しかしながら特に父親が厳しい家庭だったため、いつも自分を隠し、男の子として生きてきた。
学校では、性のことでからかわれることも多かった。腹立たしかったし、苦しかったが、ハンさんは争いではなく、学業に集中した。そうして良い成績を収めるようになると、先生や友人から慕われるようになった。
学業に邁進したハンさんはホーチミン市のRMIT大学に進学。卒業すると、英語を教えながら化粧品の販売をし、メイクアップアーティストの仕事を掛け持ちした。収入は、自分と家族を養うのに十分だった。
ちょうどその頃ハンさんは、女性ホルモンや性転換について調べ始め、本当の女性になりたいと強く願うようになっていった。
2017年に家族にカミングアウト。理解はしてもらえなかった。それどころか両親は、我が子の頭がおかしくなってしまったのではないかと思うほどだった。両親の激しい反対にハンさんは家を出るしかなかったが、両親への怒りはなかった。

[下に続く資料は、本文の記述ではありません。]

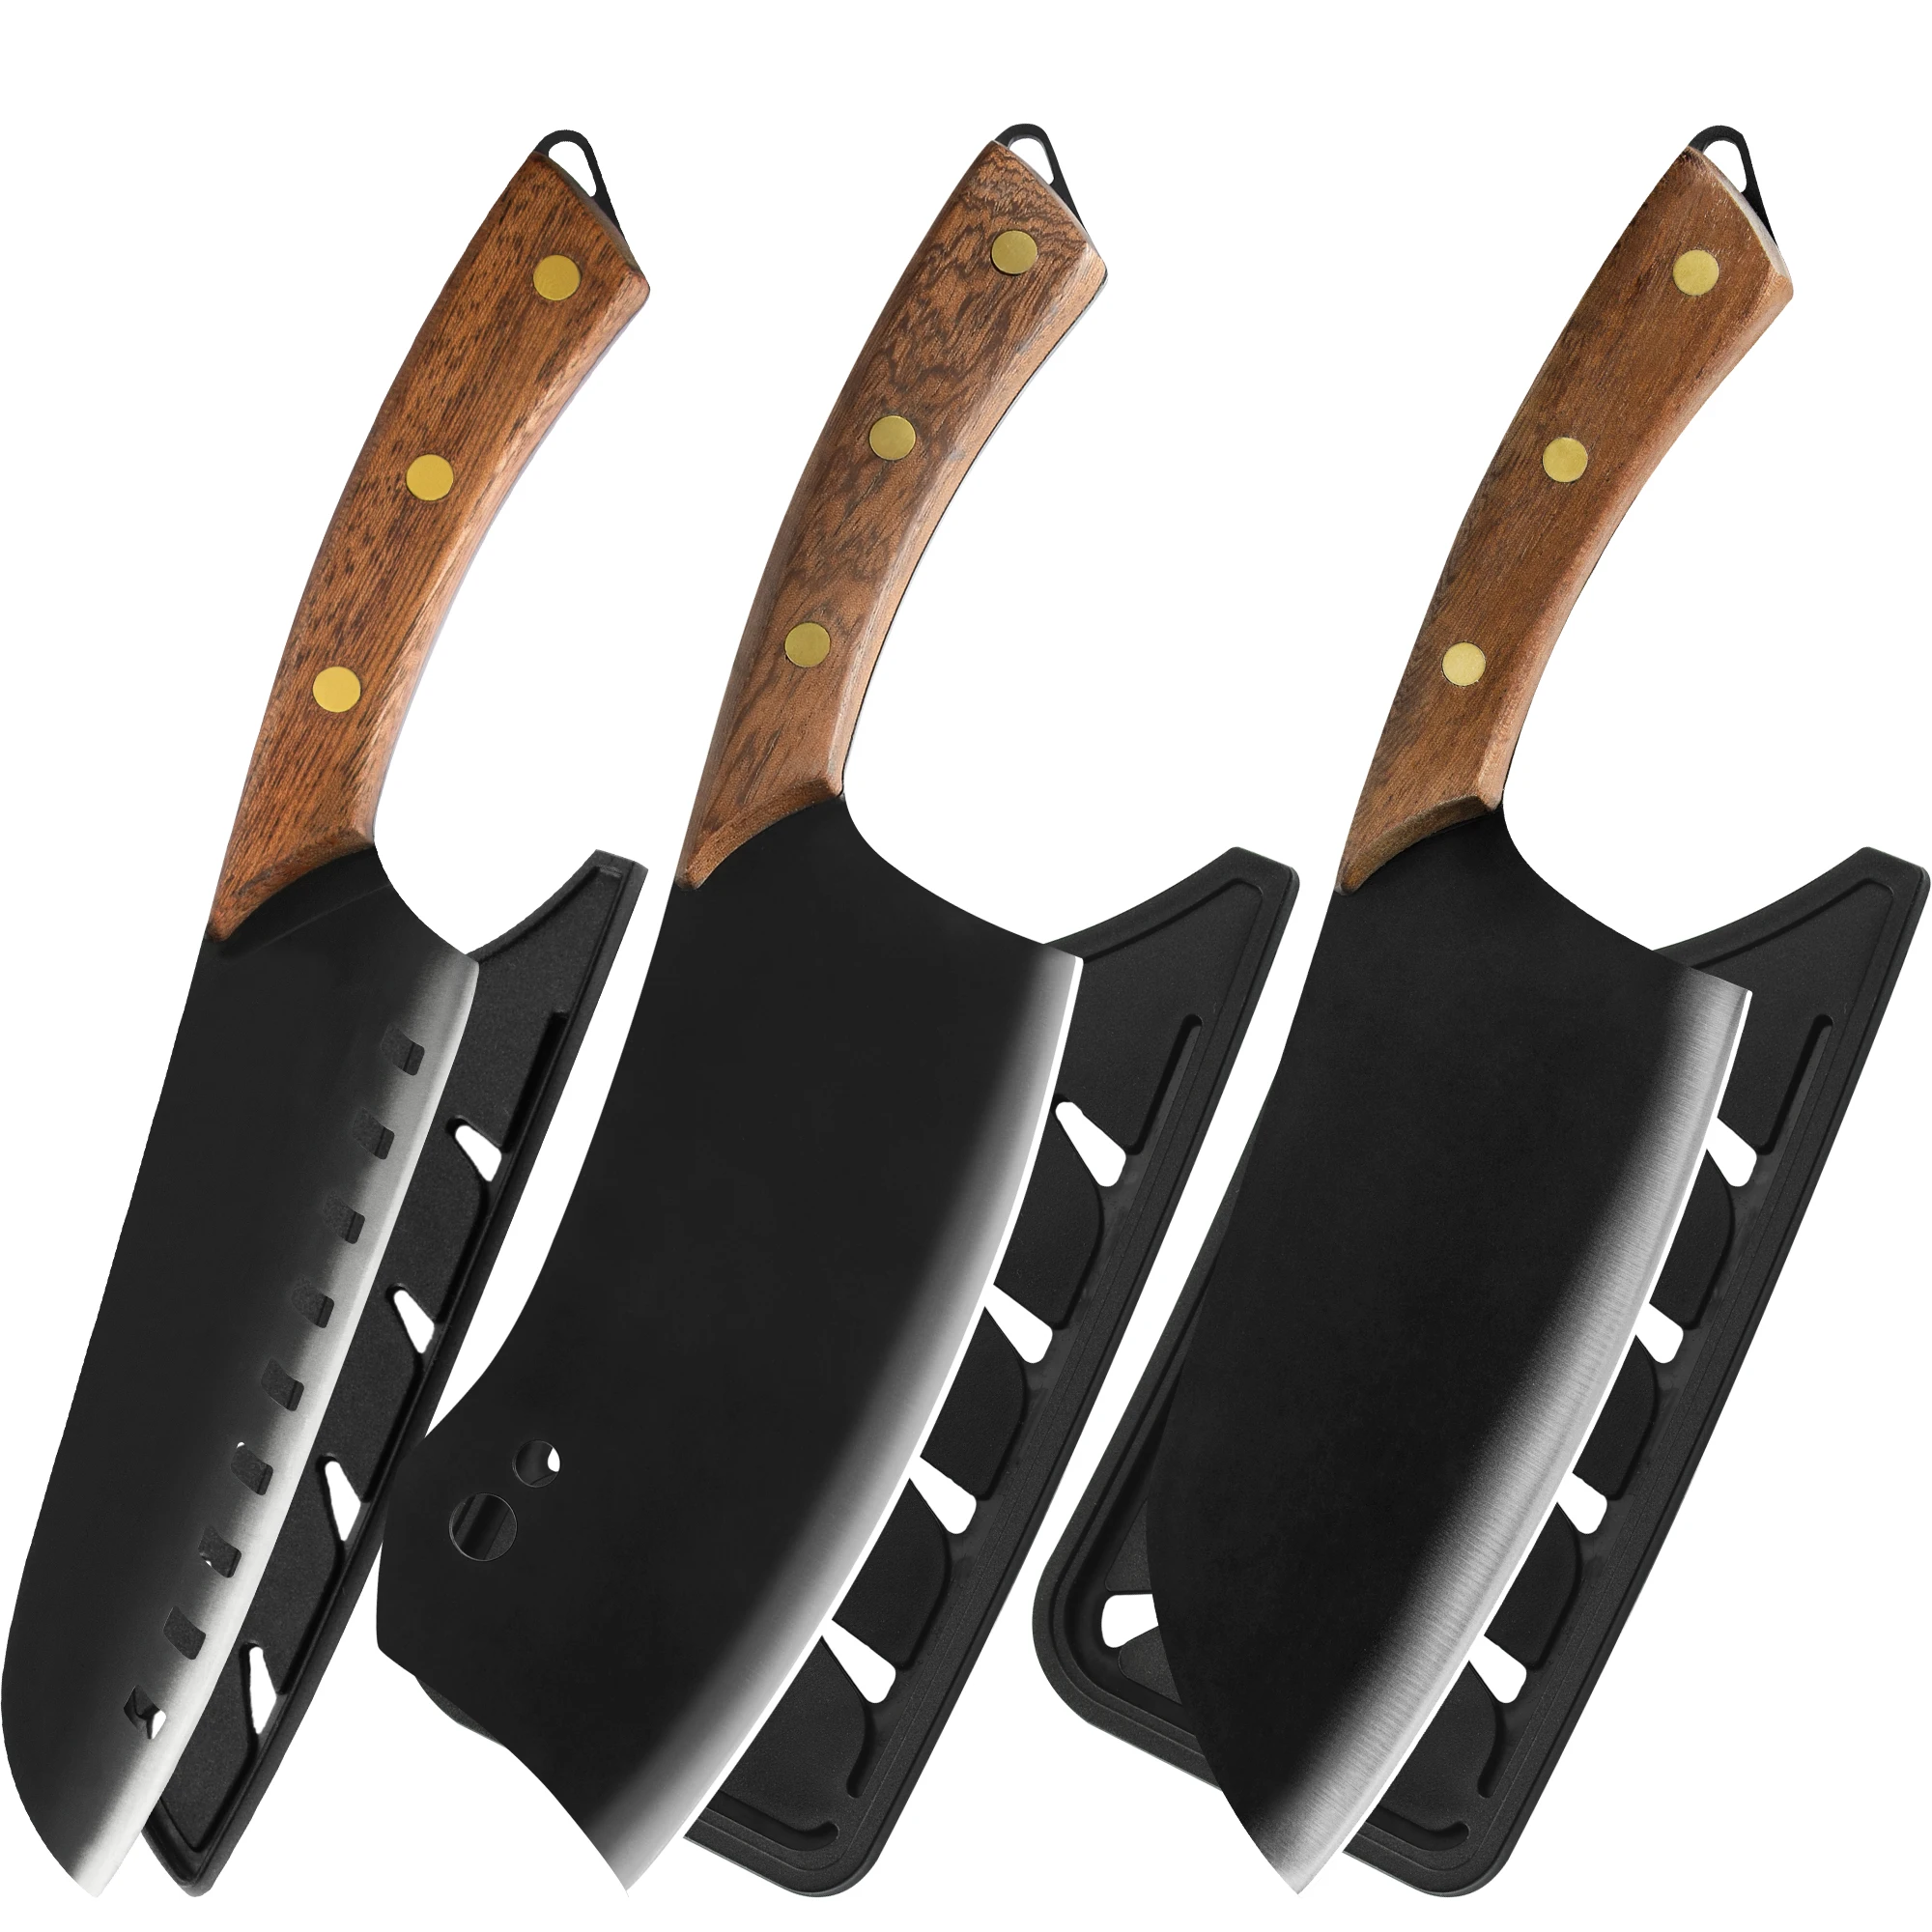 

XYj 3 Pieces Knives Set Full Tang Kitchen Cutlery Tools Stainless Steel Meat Cleaver Chopping Knives Chef Knives For Camping

自分のことを心配してくれているだけで、LGBTについてよく理解していないだけ、ということはよくわかっていたからだ。
3つの仕事を掛け持ちして貯めたお金で、ハンさんは性転換手術を受けることを決めた。顔の手術はベトナムで、体と声帯の手術は、タイで受けた。
2年をかけて手術を受けること10回。小さな手術から、大きな手術まで。3回の鼻の手術に、2回の目の手術、顎を削り、上半身、下半身、声帯……。ベトナムでの手術は1人で挑み、タイでは性転換した女性のサポートを受けた。
こうしてハンさんは、女性らしい、美しい、魅力的な外見を手に入れた。女性として実家に帰った時には、両親はとてもショックを受けたが、時とともに両親も、自分の娘が成し遂げたことを誇りに思うようになった。両親が自分の本当の姿を受け入れてくれたことが、ハンさんにとってのいちばんのプレゼントだった。